▶ **EXCERPTED DATA**

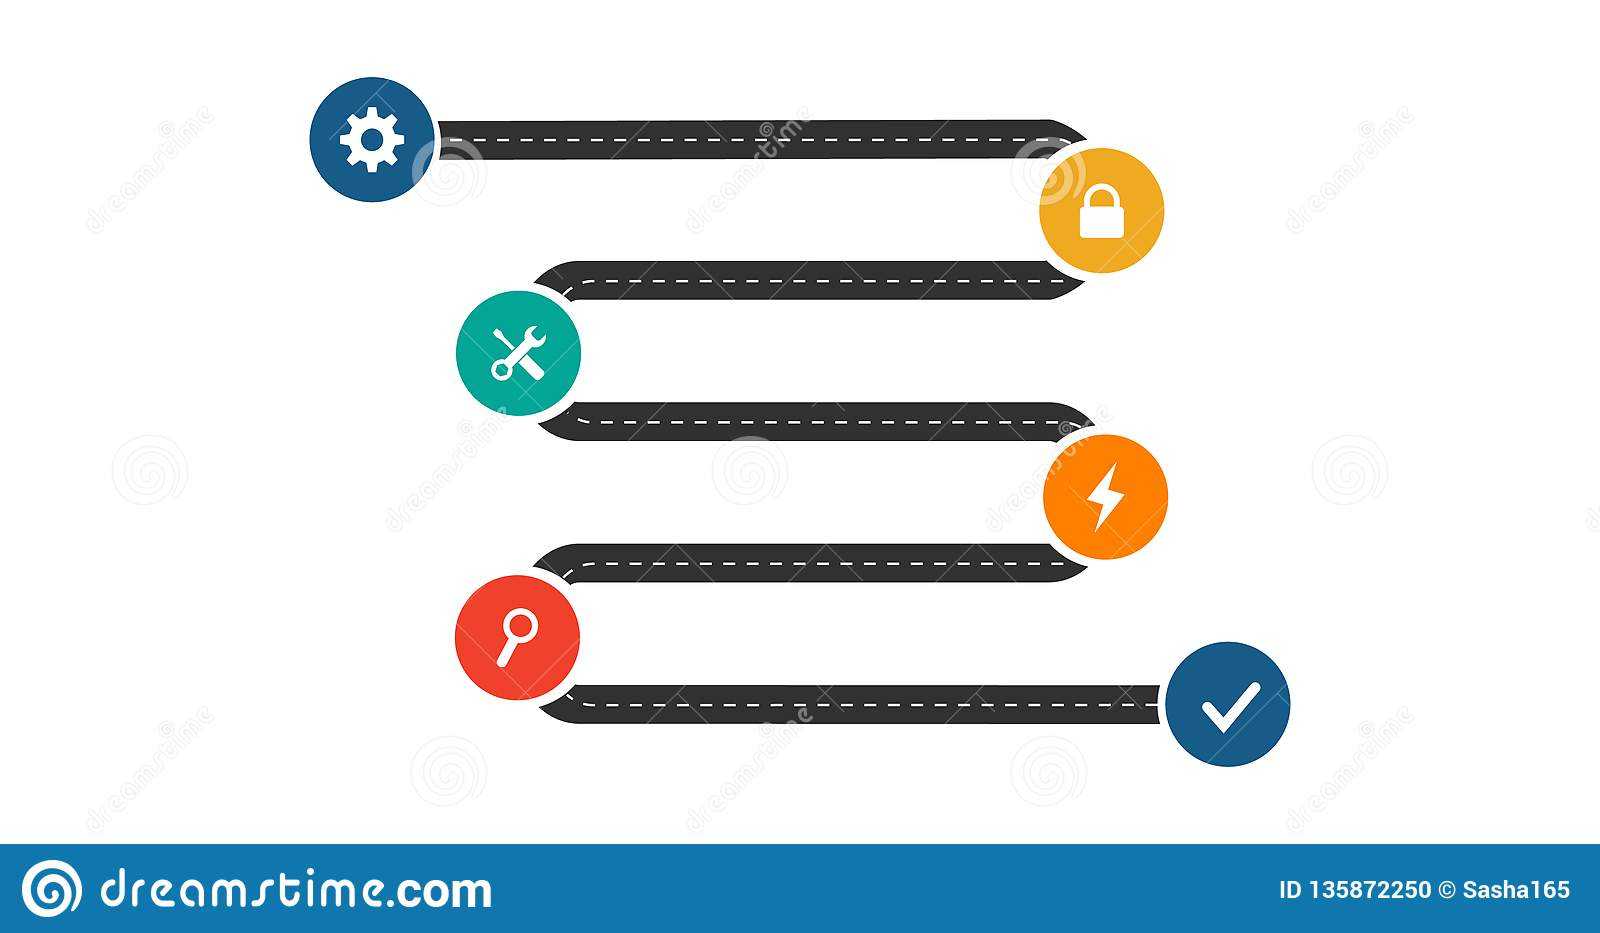 Business Road Map Timeline Infographic Template With Circles Regarding Blank Road Map Template
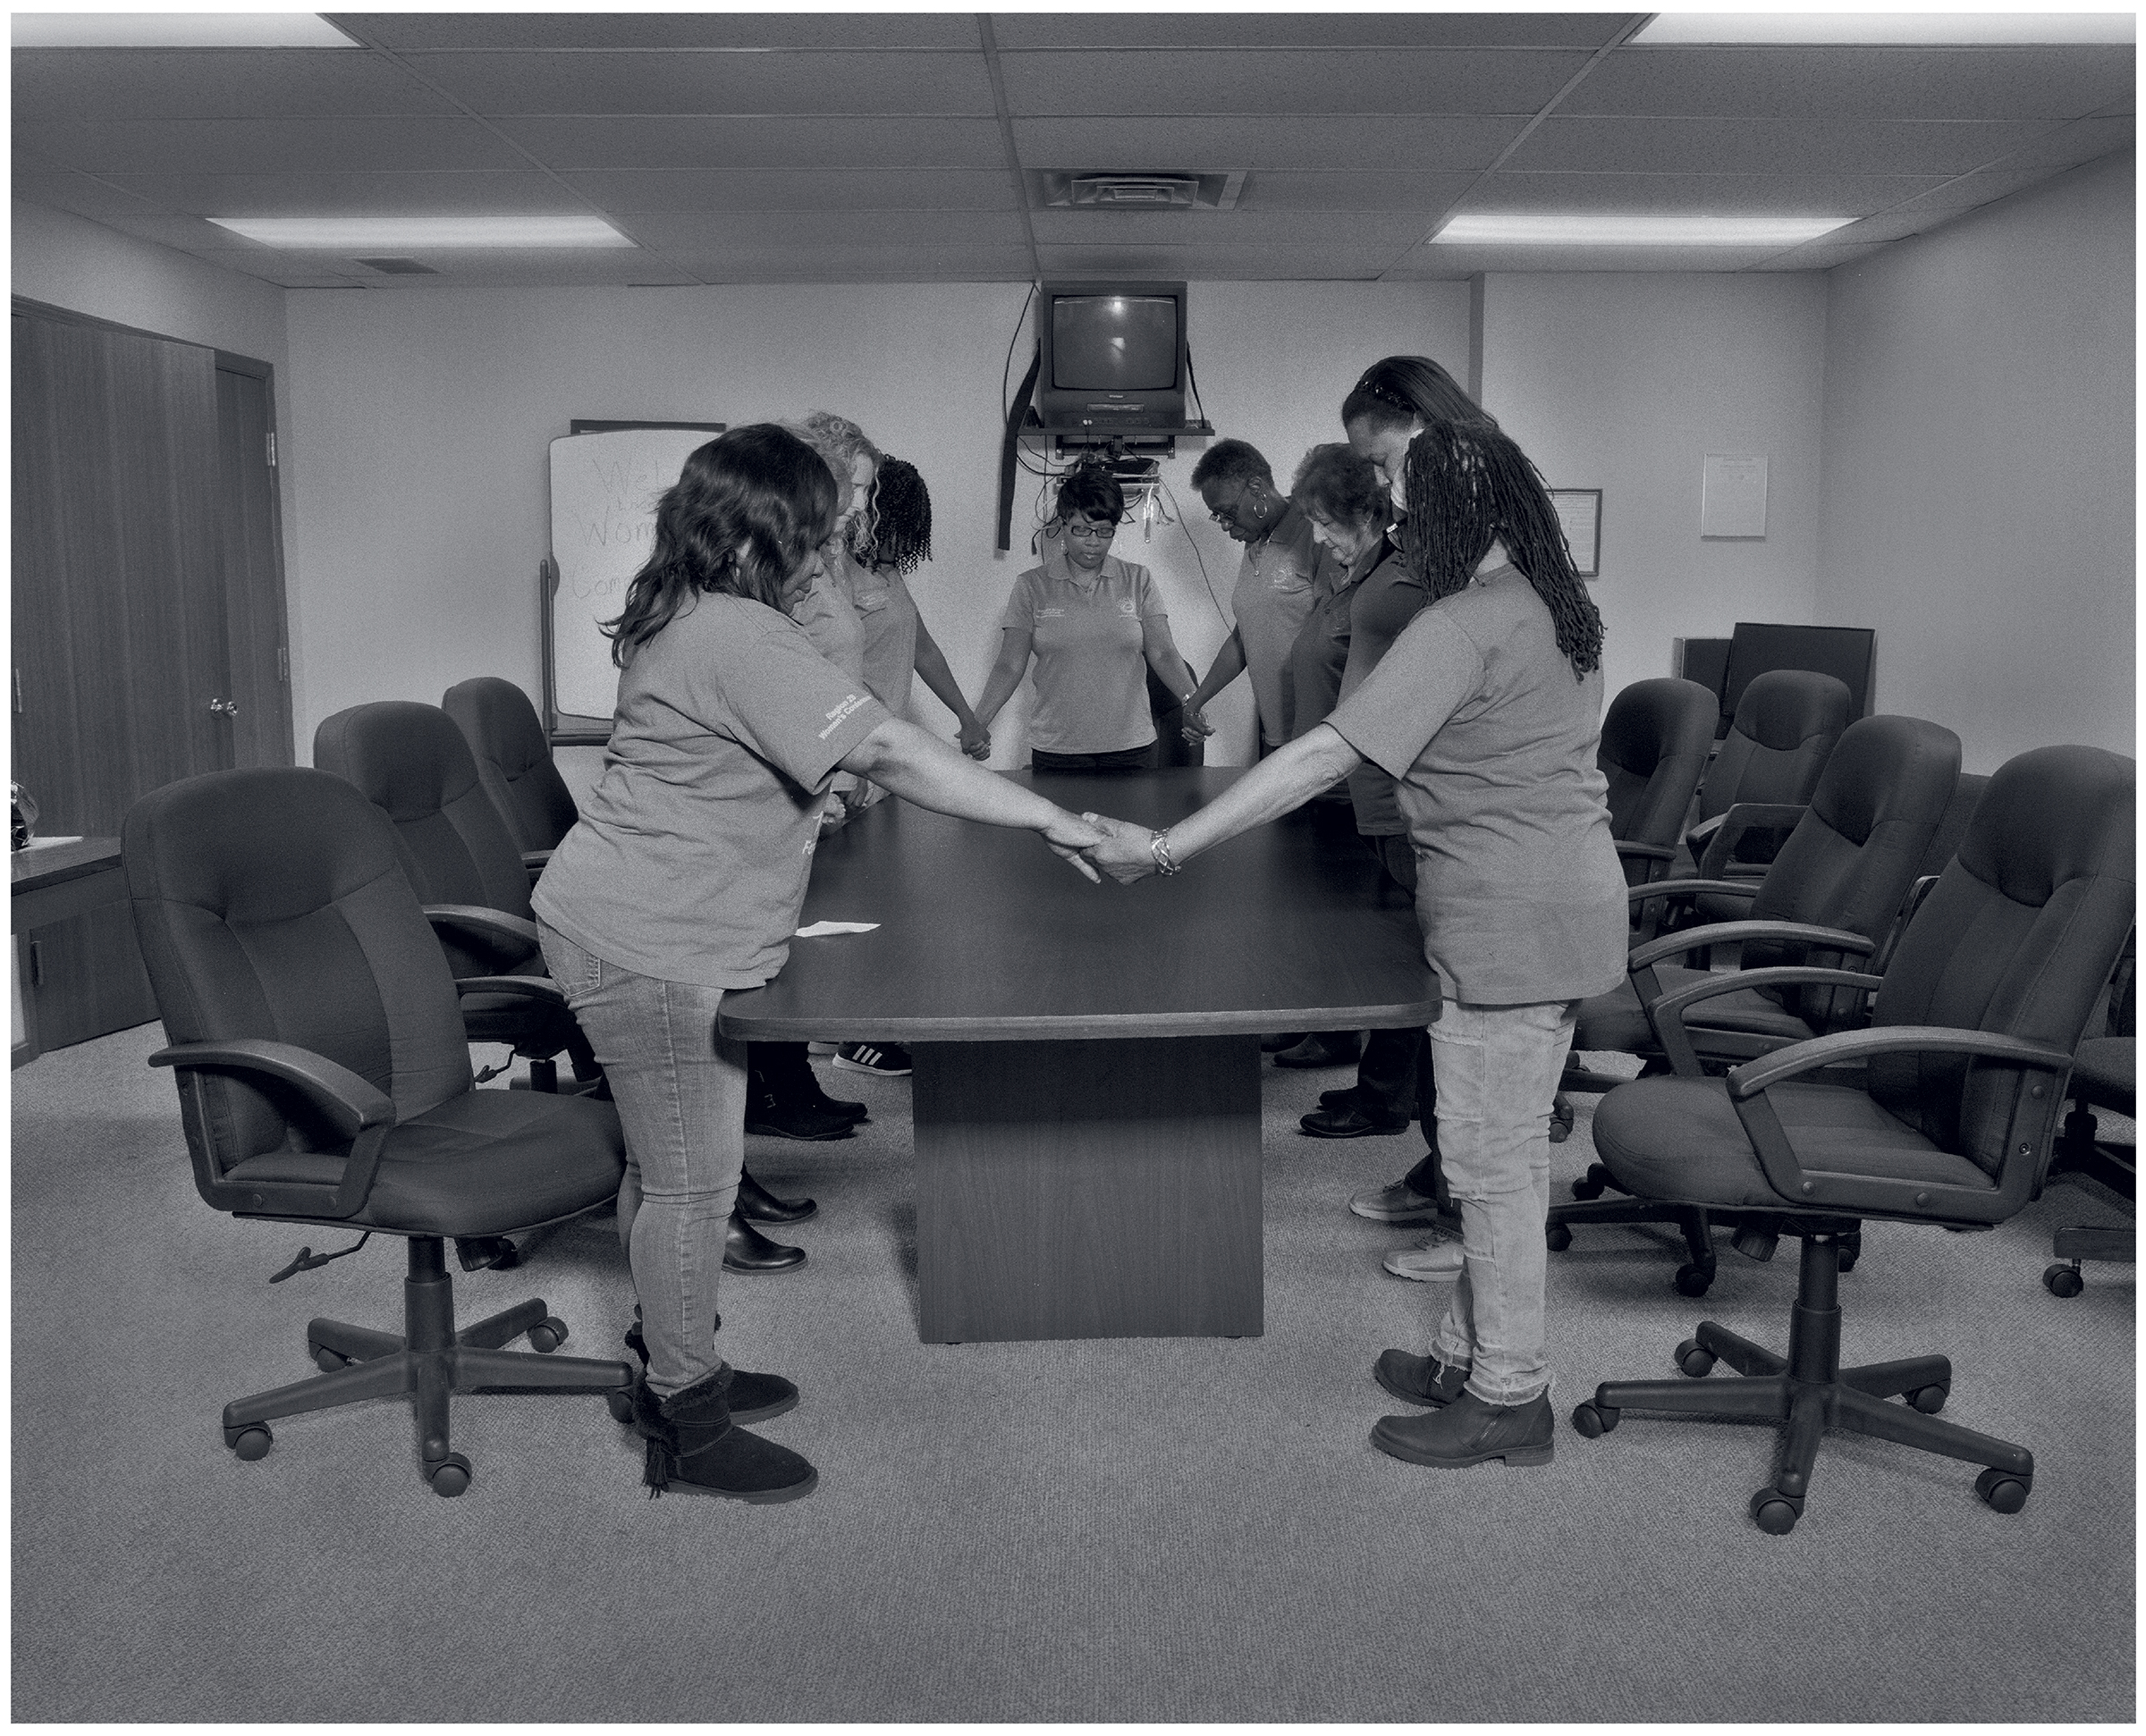 Women's Committee final gathering inside their conference room at UAW Local 1112 Reutehr Scandy Alli union hall (left to right, Crystal Carpenter, Linda Hash, Trisha Brown, RaNeal Edwards, Pamela Brown, Marilyn Moore, Mary Ola Stemple, Tunisha Bell, and Frances Turnage), Lordstown, OH, 2019 (LaToya Ruby Frazier—The Renaissance Society, University of Chicago)
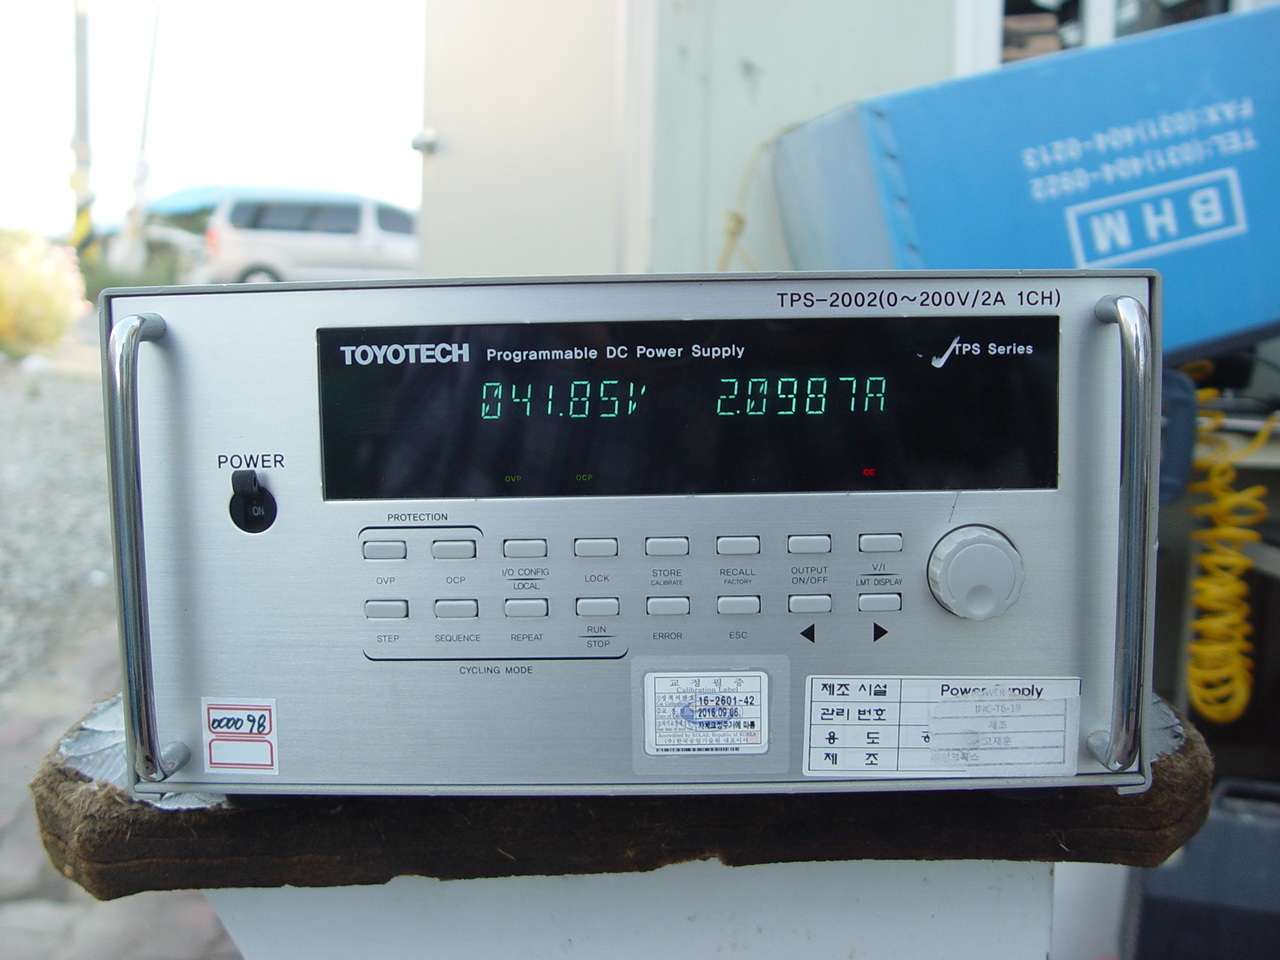 [A5679] TOYOTECH PROGRAMMABLE DC POWER SUPPLY DC 200V 2A TPS-2002
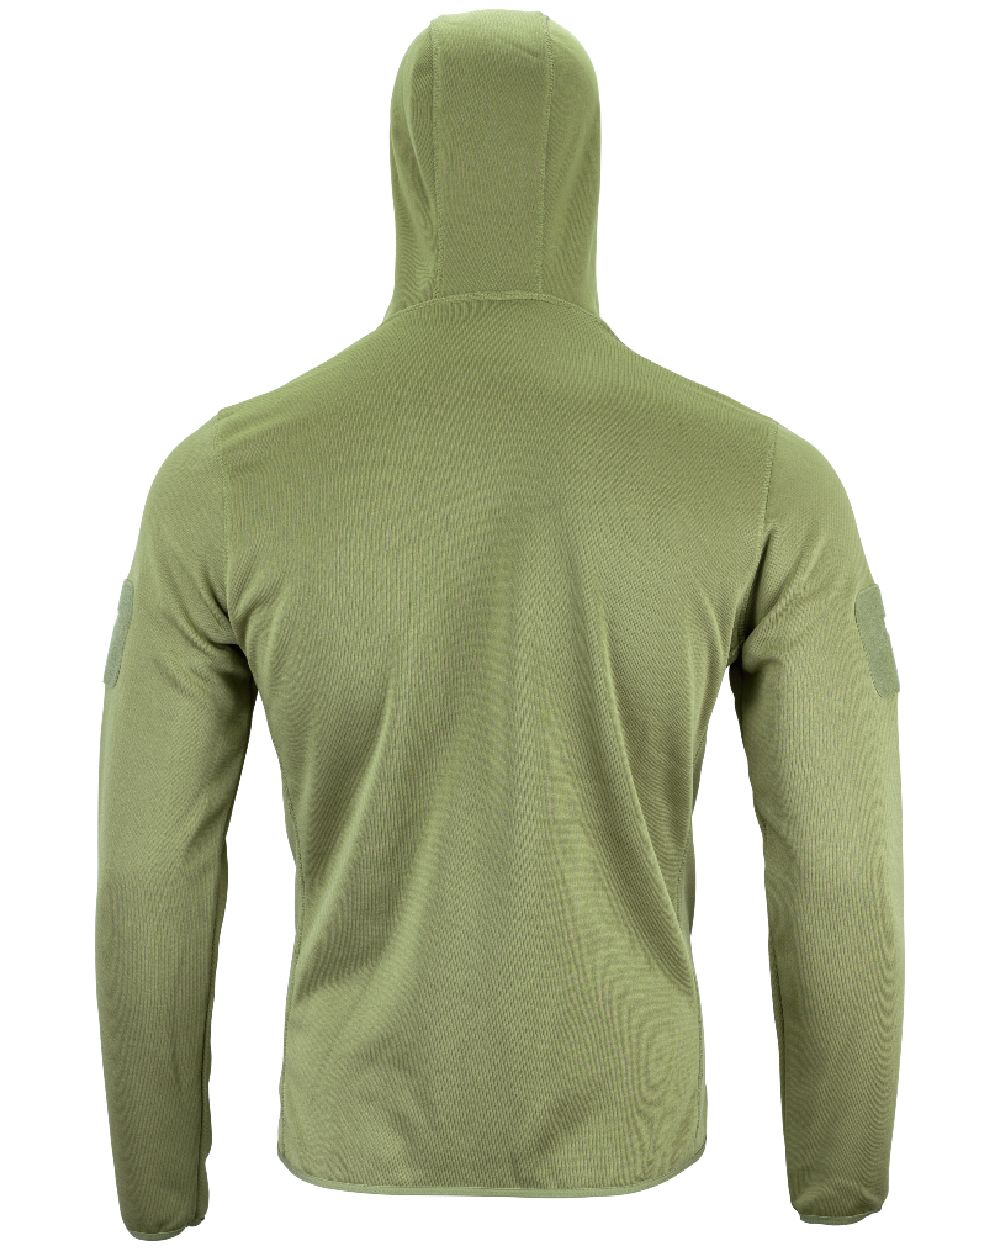 Viper Armour Hoodie in Green 
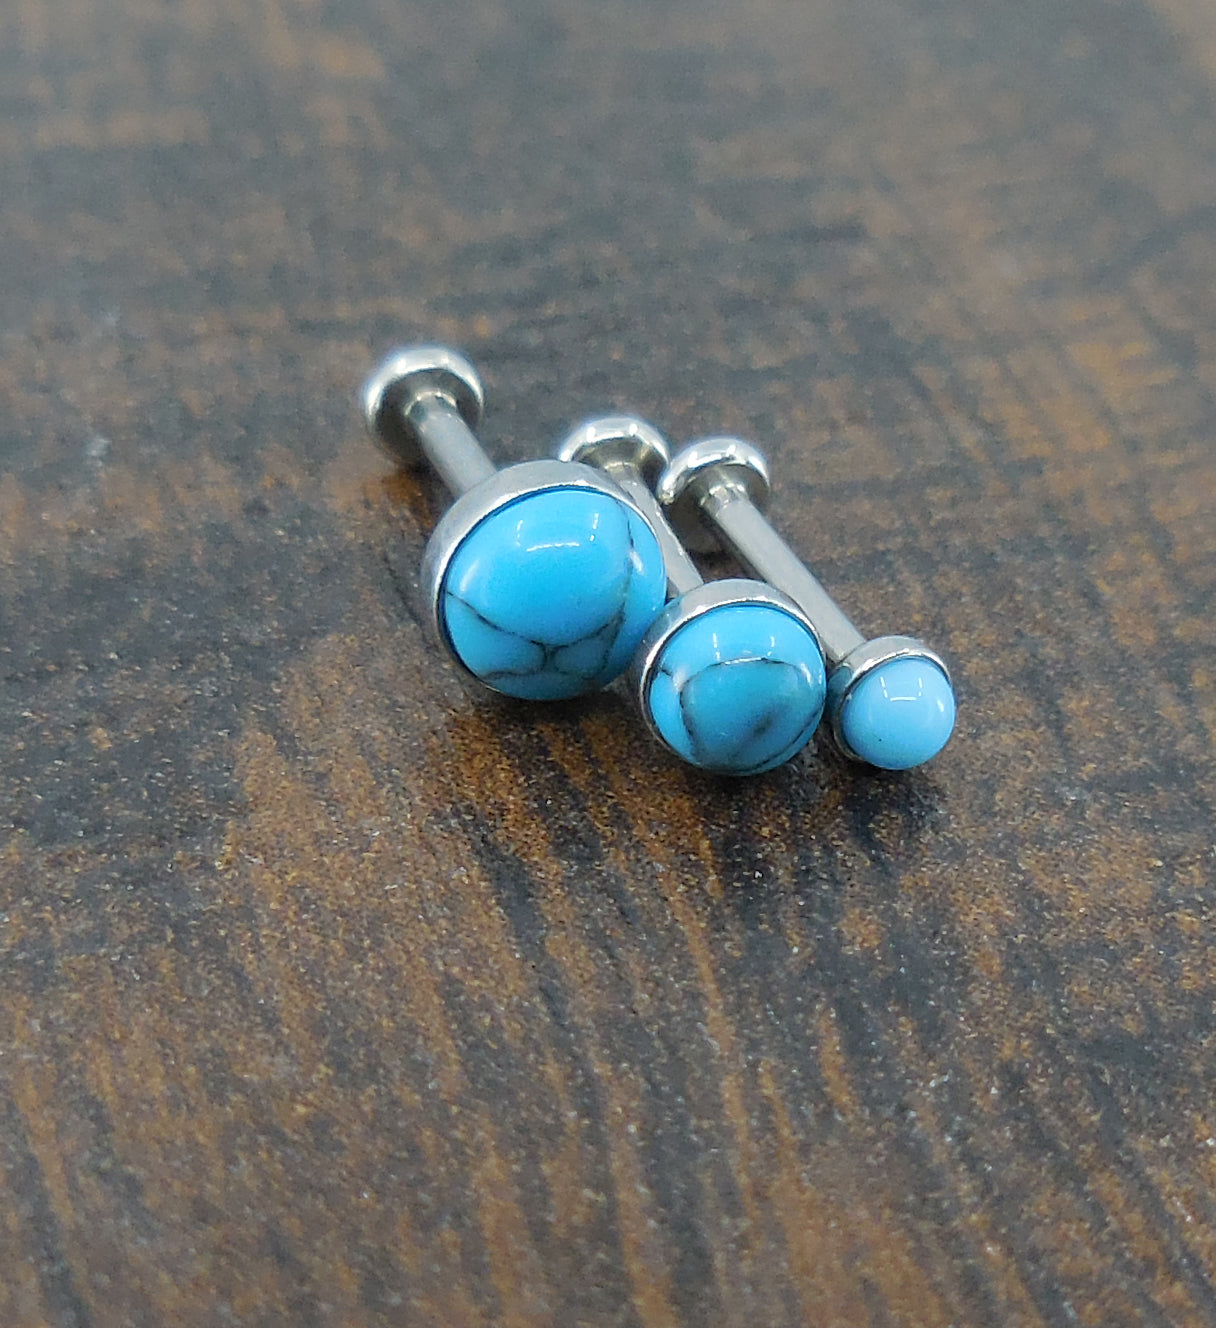 16G, 18G, 20G 2-4mm Tragus Natural Turquoise Stone Threadless 5-10mm Push Pin Triple Helix Nose Ring Labret Lip Earrings Steel Cartilage

▶ **YOUR GOAL**
Exactly the lines from the one holding "Viper Armour Hoodie in Green" to the last line of the records above should be duplicated, with no pictures among them.

▶ **ANSWER FOR THIS EXERCISE**
 Viper Armour Hoodie in Green 
 16G, 18G, 20G 2-4mm Tragus Natural Turquoise Stone Threadless 5-10mm Push Pin Triple Helix Nose Ring Labret Lip Earrings Steel Cartilage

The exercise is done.